The borderline typical “stable instability” of interpersonal problems and emotion regulation [4] affects all daily interactions, including the parents’ relationship with their infant(s). Especially the first years of parenting are often a big challenge for parents with BPD. Factors such as sleep deprivation, changes in daily routines, and setting new priorities put the mothers under great pressure, reinforcing the borderline symptoms (e.g., impulsivity, self-harming behavior).
Considering that a healthy child development depends on the stability and dependability of the caregiver, it is crucial to offer mothers with BPD support in raising their children early on.
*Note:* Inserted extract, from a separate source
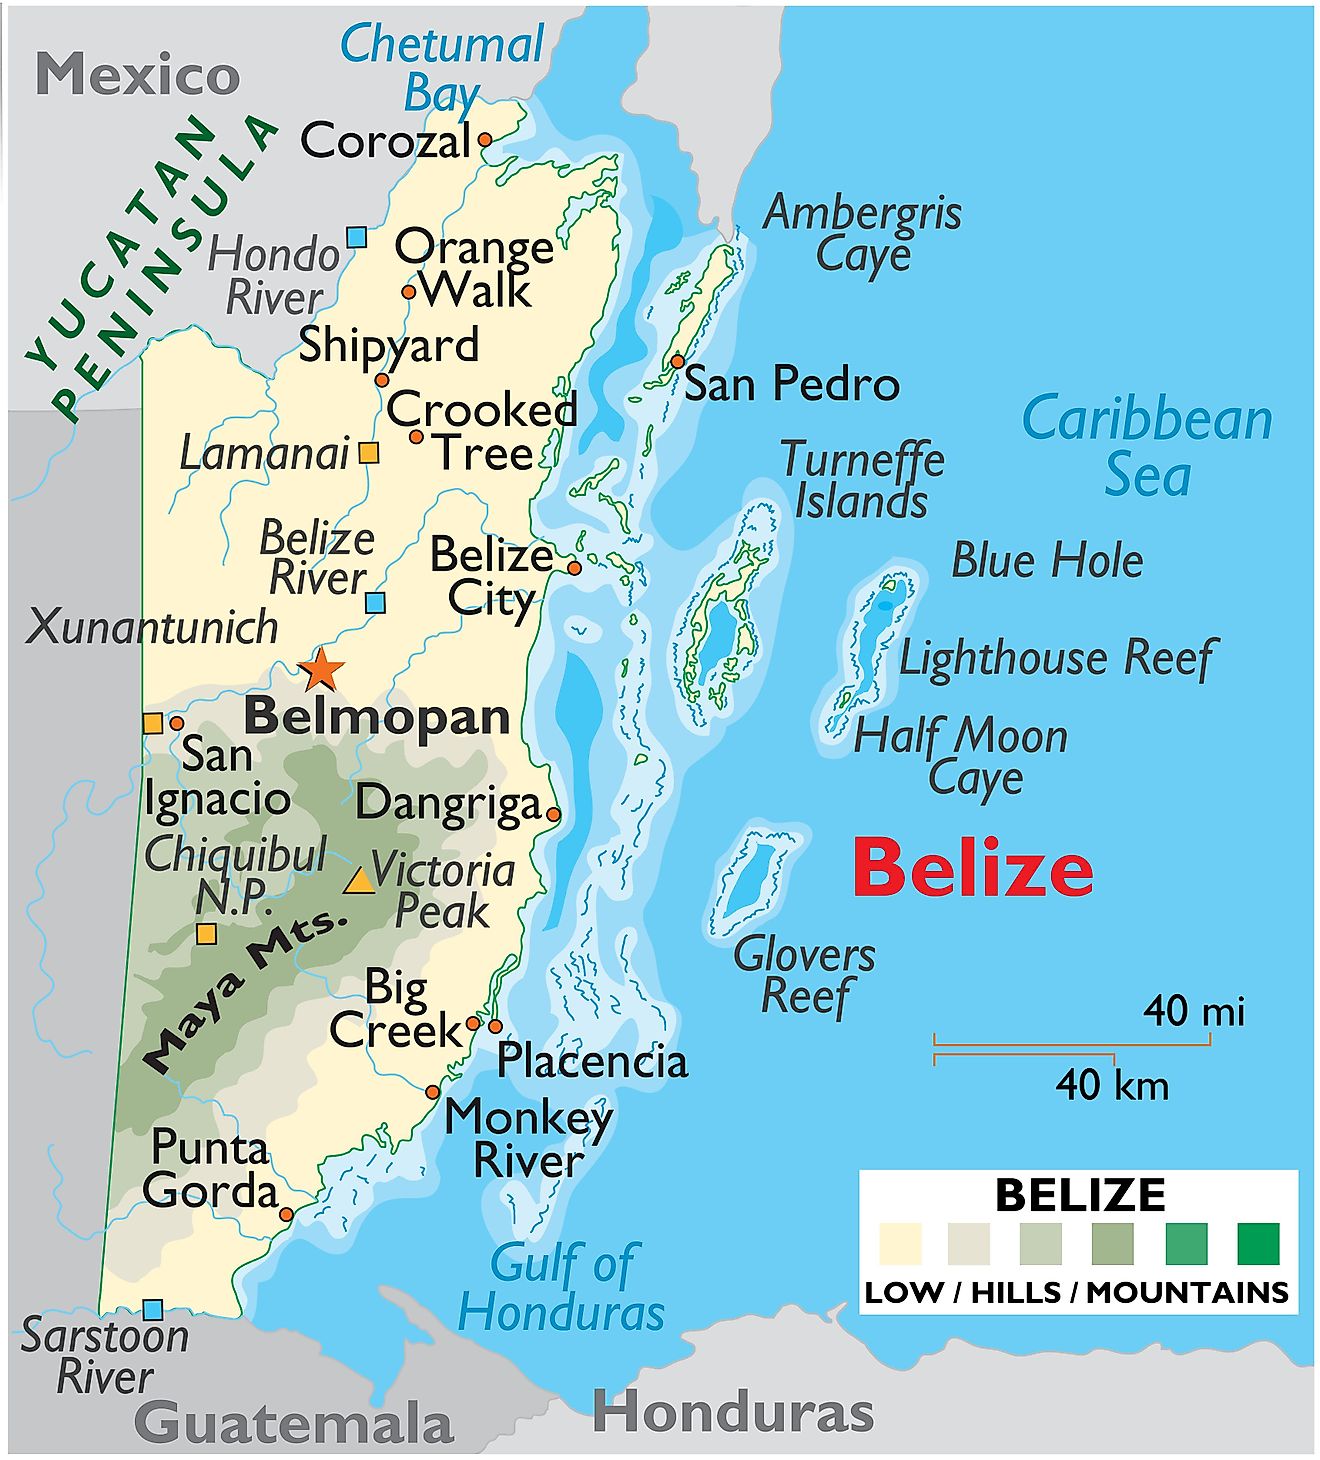 Mapa físico de Belice que muestra el relieve, los ríos principales, el Agujero Azul, arrecifes en alta mar, islas, arroyos, cayos y más.

The primary goal of the presented randomized controlled trial (RCT) is to test the efficacy of a newly developed parenting group program for mothers with BPD ([5], English Version: [6]). The intervention is designed to promote positive parenting by teaching about the child’s primary needs, coping with parenting stress, emotion regulation, dealing with conflicts, and self-care. As prior research has focused on mothers with BPD and mothers mostly still are the caretakers early in life, the manual is conceptualized for mothers with BPD.
Mothers with BPD
An increasing number of studies point to the numerous difficulties mothers with BPD face (for an overview: [7,8,9,10]). Mothers with BPD often have difficulties in interpreting their offspring’s mental [11, 12], as well as emotional states [13], and thus have great difficulty responding sensitively to their infant’s needs [14]. A study investigating mother-infant dyads showed that mothers with high BPD traits perceived more negative emotions in their infants than could be objectified [15]. Furthermore, they reacted with more punitive and trivializing (invalidating) parenting behaviors than mothers with low BPD traits [15]. This behavior was mainly predicted by maternal emotion regulation difficulties [15]. In the communication with their children, mothers with BPD show increased hostility [16], more affective dysregulation, as well as more critical and intrusive behaviors, role confusion, and frightened/frightening behaviors than a non-clinical control group [17, 18].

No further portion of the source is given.